Becoming the Admiral: mastering Docker orchestration - Alistair Chapman
Fixing tridge's mistakes: Taking Samba AD to scale - Andrew Bartlett
Icinga 2 in a 24/7 Television Broadcast Environment - Dave Kempe
Migrating to the cloud - Devdas Bhagat
Day 2 Operations with Containers: Myth vs. Reality - Elizabeth K. Joseph
User Session Recording for the Enterprise - Fraser Tweedale
Next Generation Config Mgmt: Sysadmins - James Shubin
Puppet in the cloud - Jethro Carr
Monitoring All the Things! on your Linux system with the Elastic Stack - Josh Rich
Revisiting Sysadmin and Wordpress - Scripting/automating - Liz Quilty
MQTT as a Unified Message Bus for Infrastructure Services - Matthew Treinish
The New Old Thing: Dynamic Service Discovery with DNS - Matt Palmer
Designing scalable production Kubernetes clusters on AWS - Nick Young
Funny FOSS war stories from the pages of The Register - Simon Sharwood
Quick Introduction to OpenNMS - Tarus Balog
Cost-Effective Virtual Petabyte Storage Pools - Thomas Schoebel-Theuer
Principles Of Good Monitoring - Troy Lea

Full Abstracts

Becoming the Admiral: mastering Docker orchestration - Alistair Chapman

The transition to containers may be easy enough for developers, but managing and running a fleet of hundreds or thousands of containers can be a daunting change. The “production cliff” of taking Docker from a small proof-of-concept to fully resilient production service is extremely high and often underestimated.

In this talk, I will be discussing the major pitfalls to be aware of when transitioning towards containers in production, simple best practices for running production workloads and how to orchestrate new container infrastructure along with existing virtualised or bare-metal infrastructure.

This won’t just be another “containers are the greatest talk” as I will cover the pitfalls, failings and downsides of running Docker-based container workloads of all types. In addition, we’ll be looking at how to test, migrate, run and monitor production services using orchestrators like Swarm, Kubernetes or OpenShift. Finally, I’ll show you how you can make use of public and hybrid cloud services to make running containerised services easier and get returns sooner.

About Alistair Chapman:

Alistair Chapman is an Australian InfoSec engineer, .NET developer and technical architect. While he’s currently working at Red Hat, he’s also spent years doing everything from network engineering to DevOps consulting, governance research to embedded development. Currently, his passion is security architecture, cross-platform .NET and containerisation, and is a Microsoft .NET MVP. When not at work, Alistair is active in the .NET open-source community including maintaining Cake (a .NET Foundation project).

Fixing tridge's mistakes: Taking Samba AD to scale - Andrew Bartlett

Samba 4.7 brings a massive improvement in stability and scale, and even larger organisations are deploying it regularly.

This talk will update system administrators on the current status in Samba, the locking issues we addressed with Samba 4.7, the new scale of organisation that Samba can now address and the tools we have written to test Samba at scale.

About Andrew Bartlett:

Andrew Bartlett is a Samba Developer working for Catalyst in Wellington, New Zealand.

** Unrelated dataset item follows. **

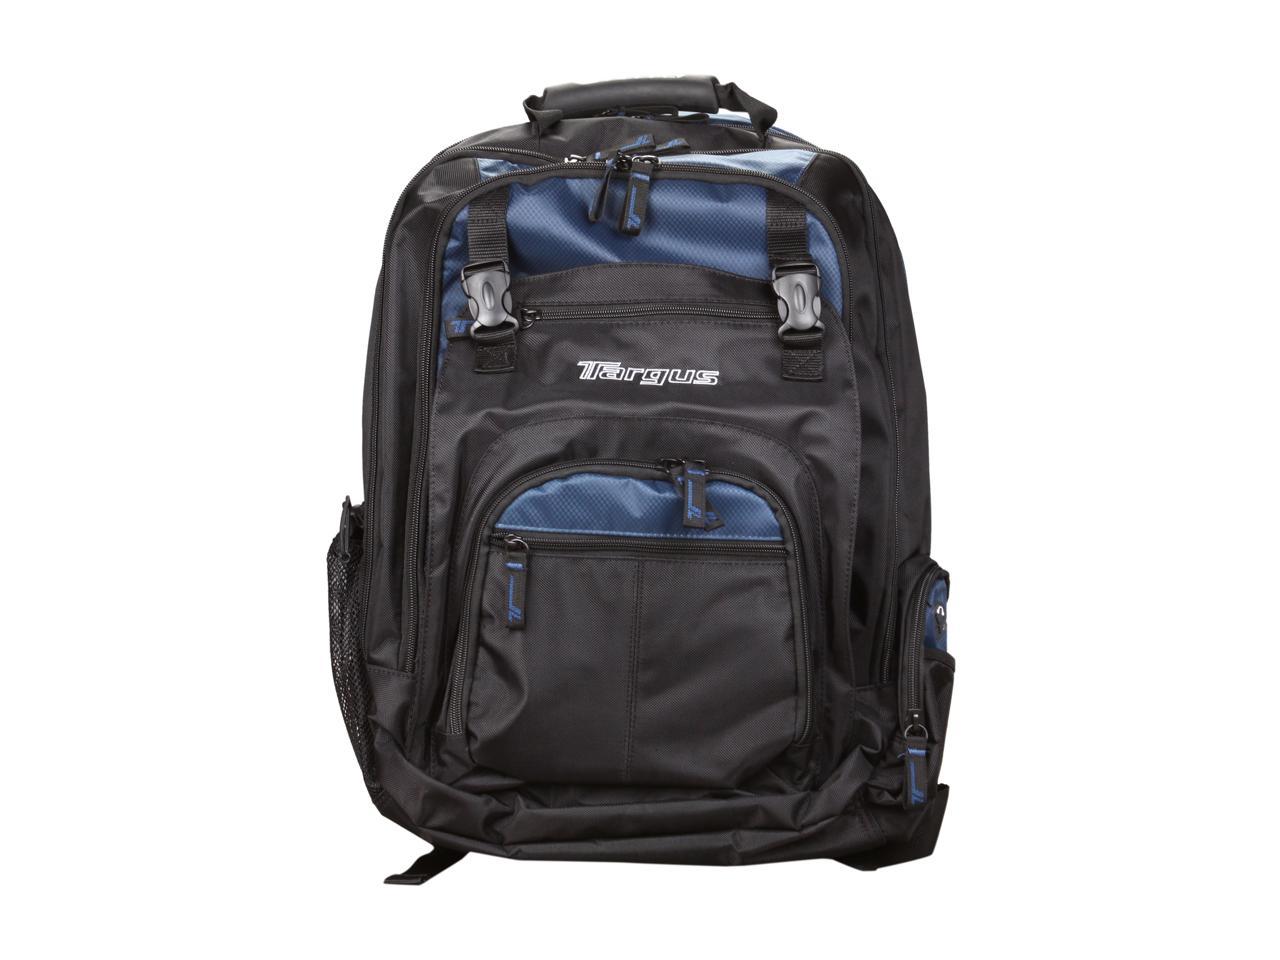 Targus 17" XL Backpack - TXL617 - Newegg.com

Andrew has a long history in Samba's Active Directory Domain Controller, being part of the original Samba4 effort since its inception in 2003.

He has been a member of the Samba Team since 2001.

Icinga 2 in a 24/7 Television Broadcast Environment - Dave Kempe

Icinga2 is gaining steam and is much improved compared to it's ancestor's Nagios and Icinga1. I will present some war stories and implementation details from our Icinga deployments into television broadcast environments as a template for anyone using Icinga in critical environments with obscure hardware and software. From plugins we needed to develop, to challenges in effecting change in staff practices I will walk through the projects and share my experiences on the way. We will cover the implementation of distributed monitoring in Icinga2 with strict firewalls, building dashboards using Nagvis and integration of Opsgenie for alerting.

About Dave Kempe:

Dave founded Open Source IT services company Sol1 in 1999. Day to day along with running a thriving IT services company, he builds Open Source infrastructure solutions for customers both large and small. With plenty of war stories to share and experience to give, he is keen to offer some advice and knowledge to new users and veterans alike.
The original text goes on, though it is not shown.